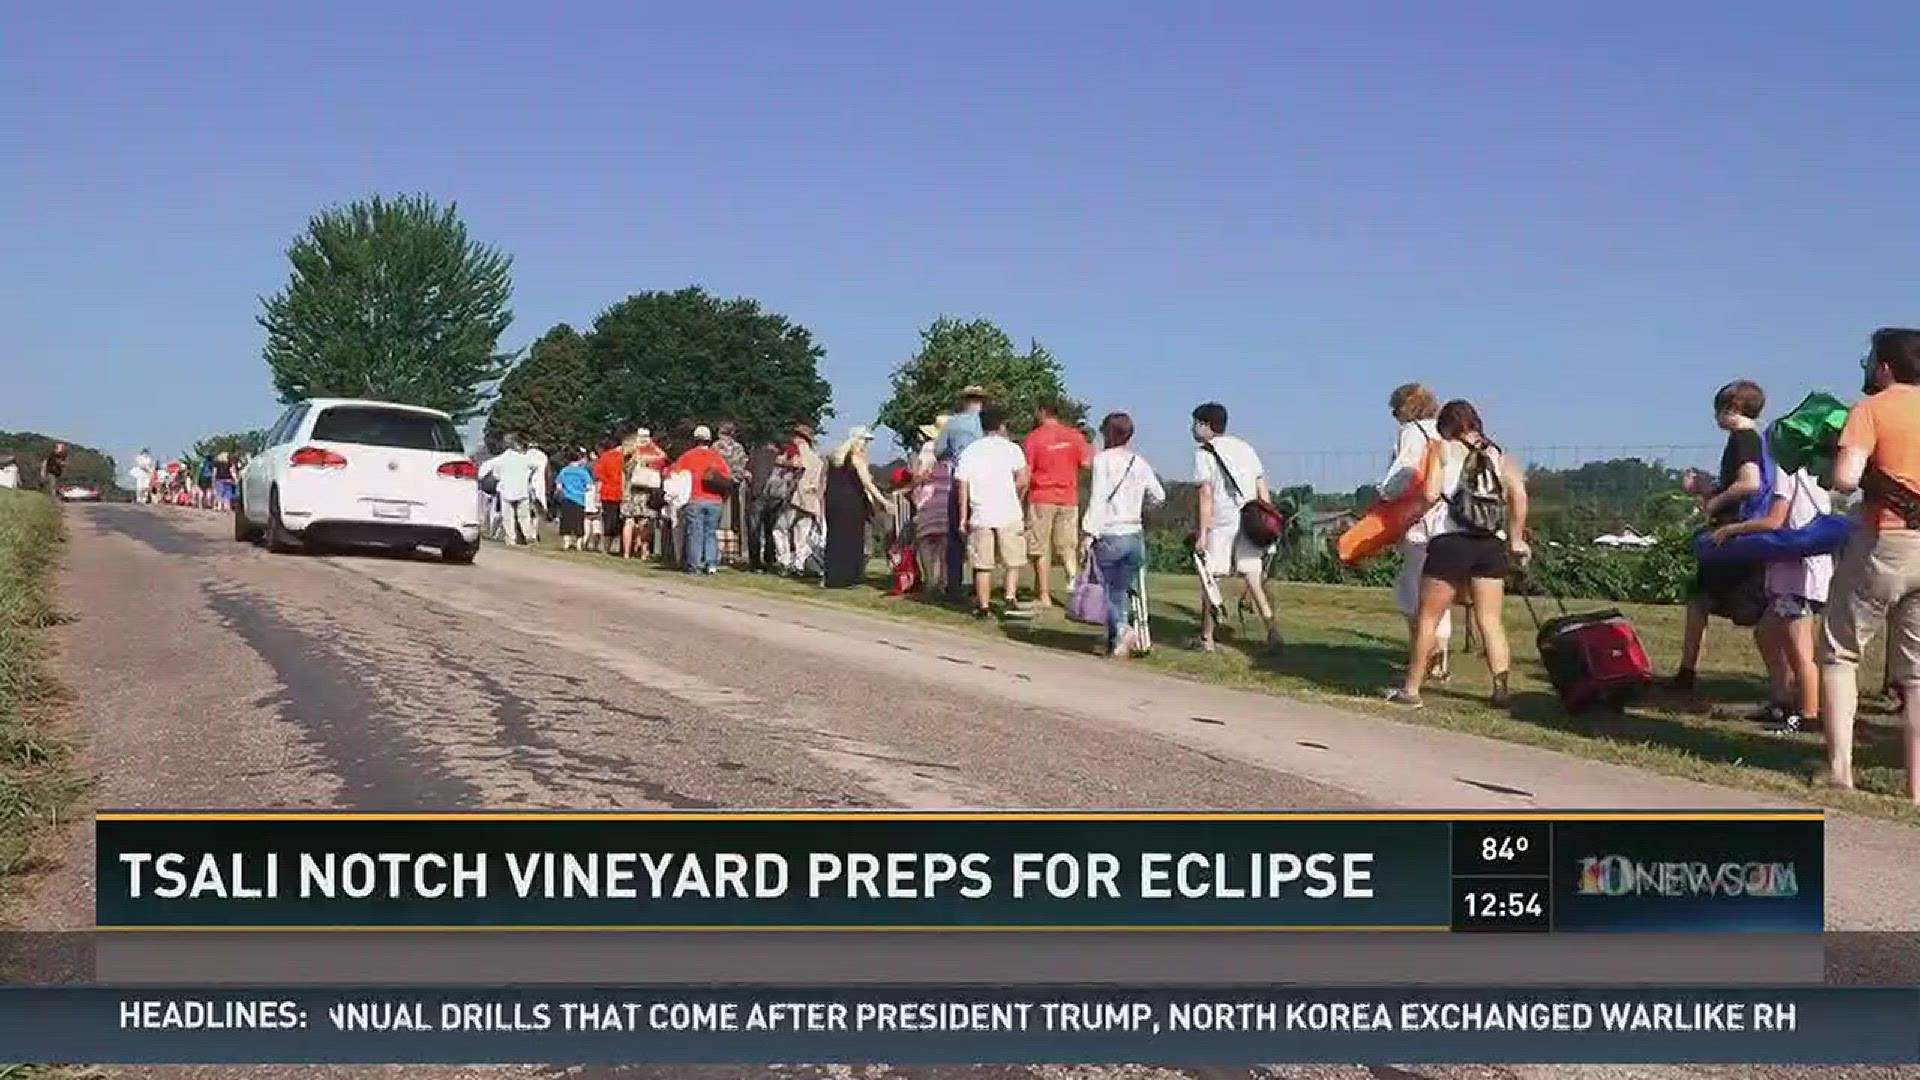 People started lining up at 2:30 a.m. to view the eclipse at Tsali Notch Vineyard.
☆ ☆ ☆ ☆ ☆ ☆ ☆
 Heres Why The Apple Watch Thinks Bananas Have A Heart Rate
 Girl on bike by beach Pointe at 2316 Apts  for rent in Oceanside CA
☆ ☆ ☆ ☆ ☆ ☆ ☆
#### Task instructions
Could you retype exactly the lines above, starting at the line that contains "Heres Why The" and ending at the line that contains "Girl on bike", and nothing more?

#### Answer to the problem
 Heres Why The Apple Watch Thinks Bananas Have A Heart Rate
 Girl on bike by beach Pointe at 2316 Apts  for rent in Oceanside CA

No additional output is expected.